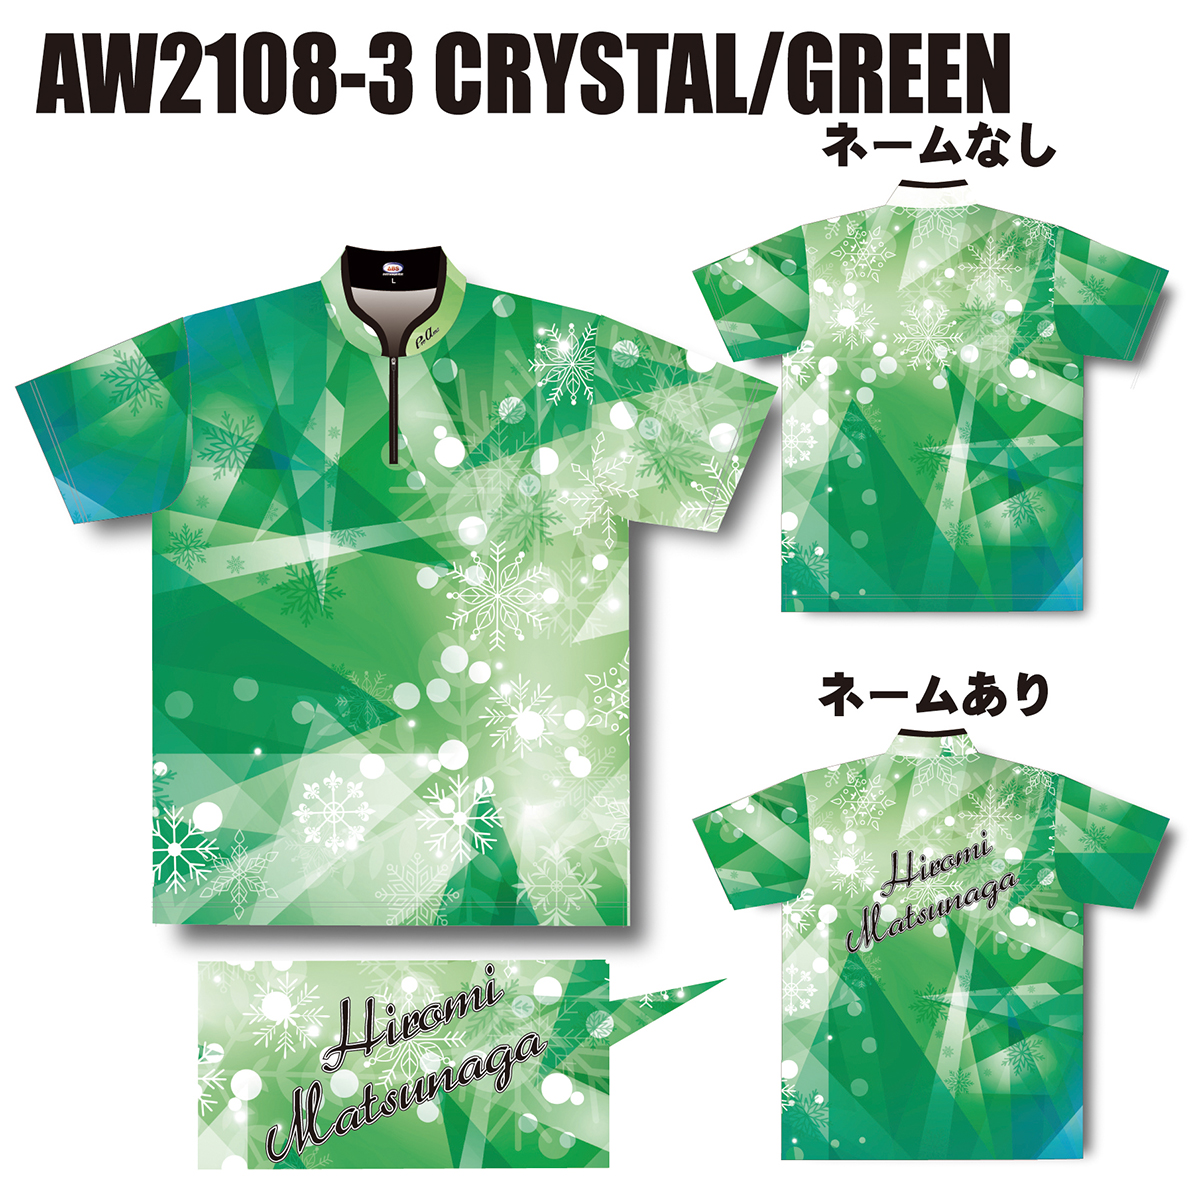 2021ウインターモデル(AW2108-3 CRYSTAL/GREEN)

--

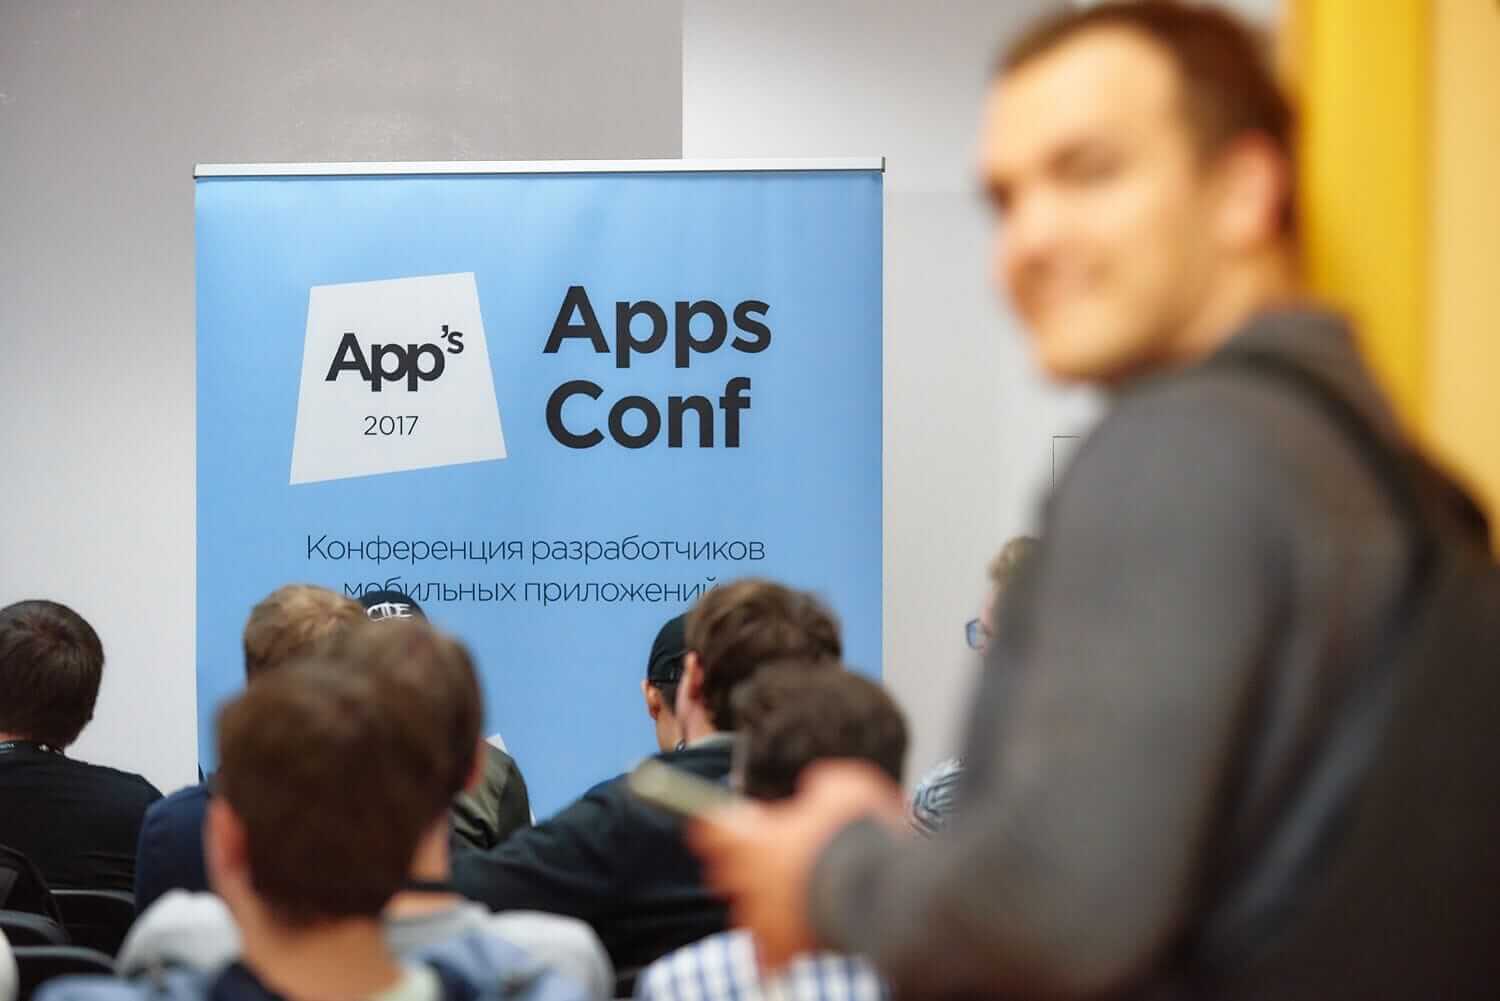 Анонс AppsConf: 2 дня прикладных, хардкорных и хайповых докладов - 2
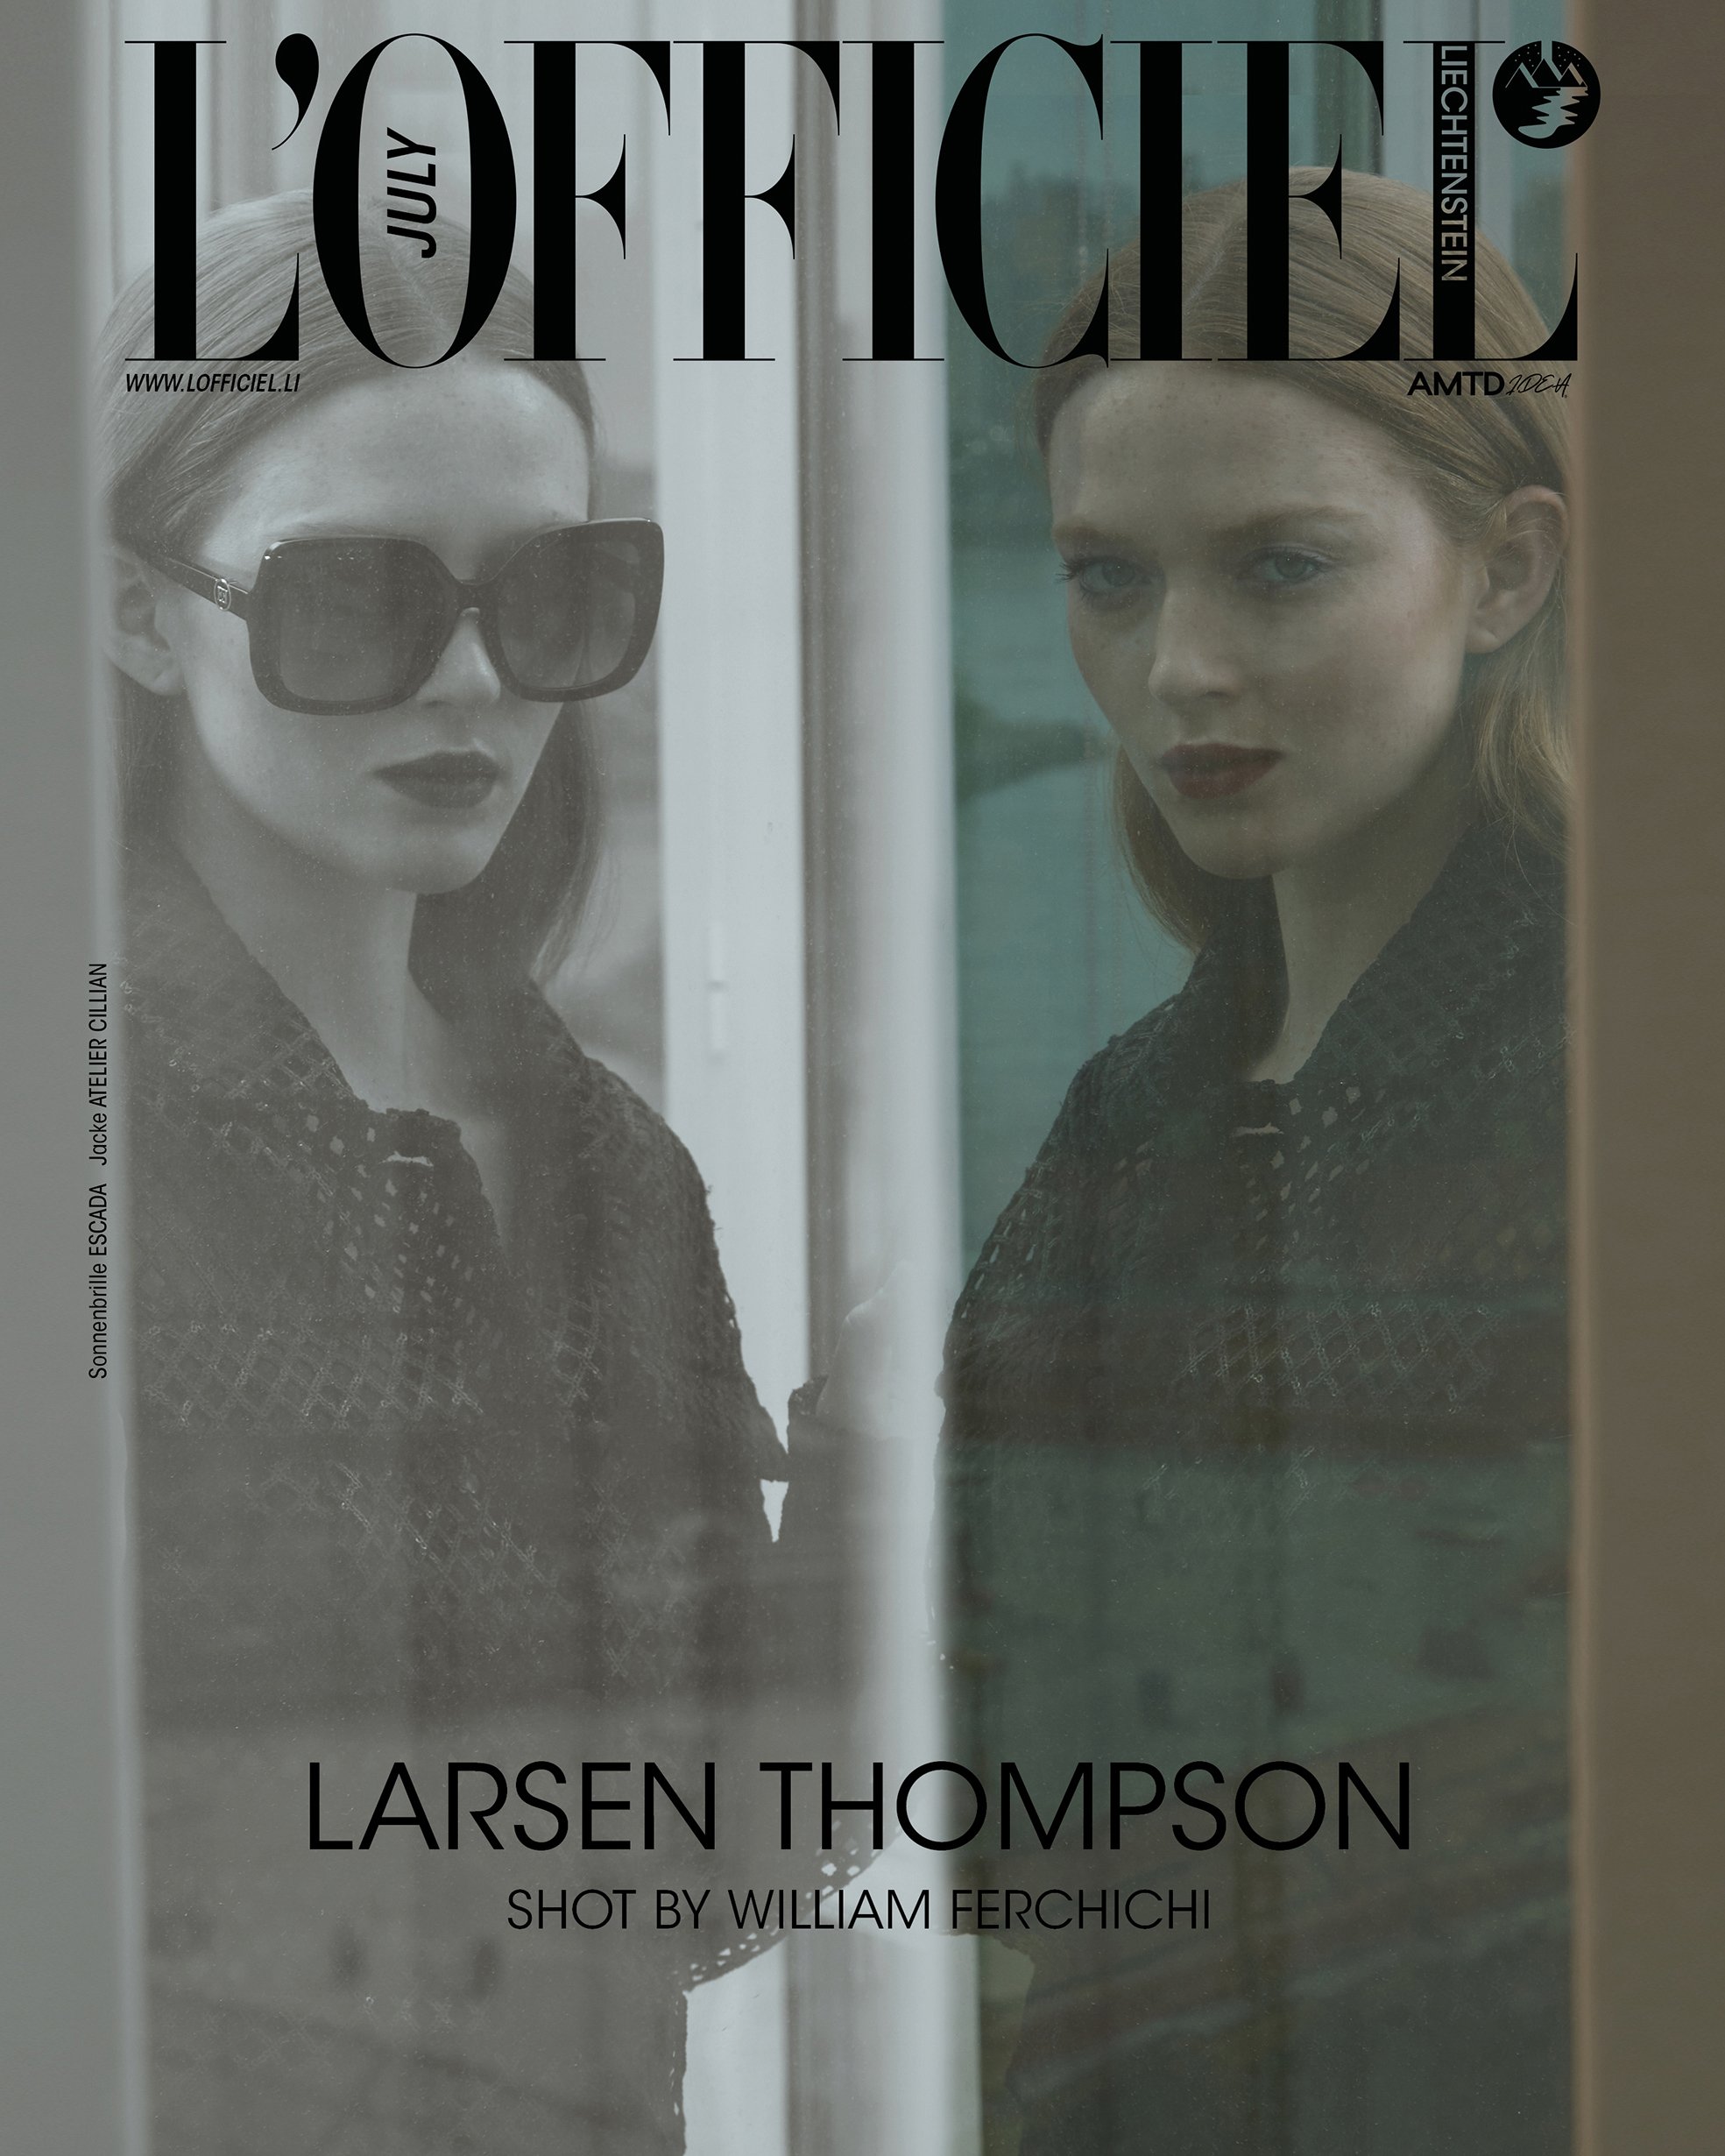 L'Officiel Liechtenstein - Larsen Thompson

Work instructions: Would you copy, word for word, only the lines above from the one containing "Анонс AppsConf: 2" through the one containing "L'Officiel Liechtenstein - Larsen Thompson", both included, and please leave out the pictures?

Written response:
 Анонс AppsConf: 2 дня прикладных, хардкорных и хайповых докладов - 2
 L'Officiel Liechtenstein - Larsen Thompson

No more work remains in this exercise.